Вот, оказывается, как понимают эти дела простые люди с высшим образованием…
3 июля.
<…> Вчера были с Сашей у Левы Копелева. <…>. Я сказала Копелеву:
— Два вопроса — как на пресс-конференции. Первый. Это так и должно быть — чтобы значительная часть страны уехала?
— Да, к сожалению. Они боятся…
— А вы думаете — оправданна ли их боязнь?
— Я думаю, что нет!
Я еще раз повторила свои соображения об отсутствии адекватности у отъезжающих: «Никто не решается сказать, что едет просто за лучшим качеством жизни — поскольку жизнь одна».
Тут NN стала говорить, что в стране — распад (недавно мы «схлестнулись» с ней: «Россия все равно погибнет!» — «Нет, не погибнет!»
— воскликнула я), что гигантский эксперимент превзошел все мыслимые масштабы («Я не знаю в истории человечества ничего подобного…» — «Да, — подтвердила я. — Может, где-то до Древнего Египта…»). Сохранить, видимо, уже ничего нельзя.
— Значит, отъезд должен происходить под девизом: «Спасайся, кто может!»
— Вам, Мариэтта, нужно просто как-то обозначить или понять?
— И то, и другое. Почему же сами люди боятся обозначить? Значит, им это кажется неудобно…
Второй вопрос к Копелеву:
— Что сейчас можно было бы сделать? Есть ли такая партия, которая могла бы без паузы перехватить власть у КПСС?
— Я бы сейчас на месте Горбачева объявил кратковременный военный переворот: отовсюду выгнал бы партию и подержал бы войска, пока не образуются новые партии…
— Один кратковременный переворот уже стал постоянным…
— Да, конечно! Но честно говоря — я надеюсь только на чудо.

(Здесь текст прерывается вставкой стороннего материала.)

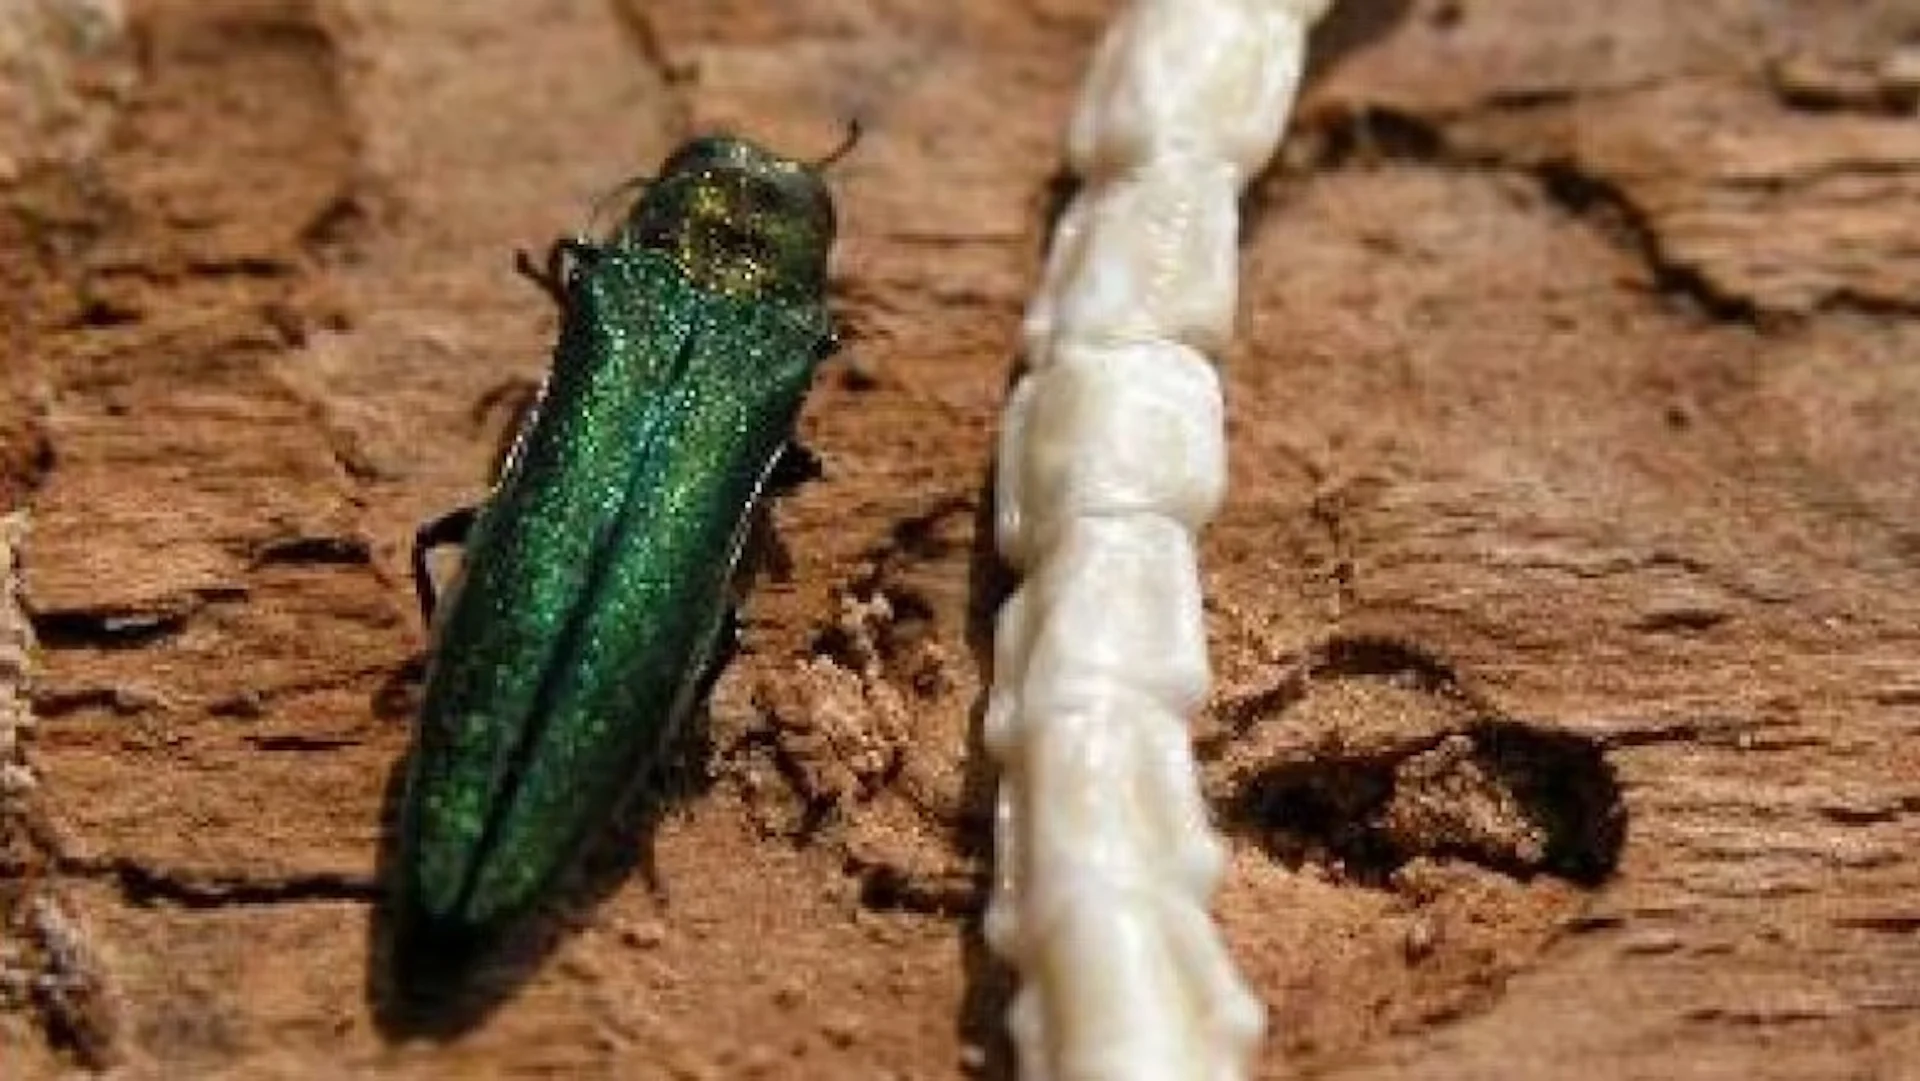 Emerald ash borer has killed millions of trees. Calgary bracing for its arrival

— Это вполне реальная надежда в России.
Поясняю — меня задевало главным образом выстраивание ложных причинно-следственных связей: «Мы уезжаем потому, что здесь оставаться невозможно и незачем». Позже, в 1992 году, я говорила давно уехавшему коллеге в Чикаго: «Боря, что вы все объясняете, как у нас плохо и не может быть хорошо? Ведь даже если у нас будет хорошо, у вас здесь все равно будет хорошо!»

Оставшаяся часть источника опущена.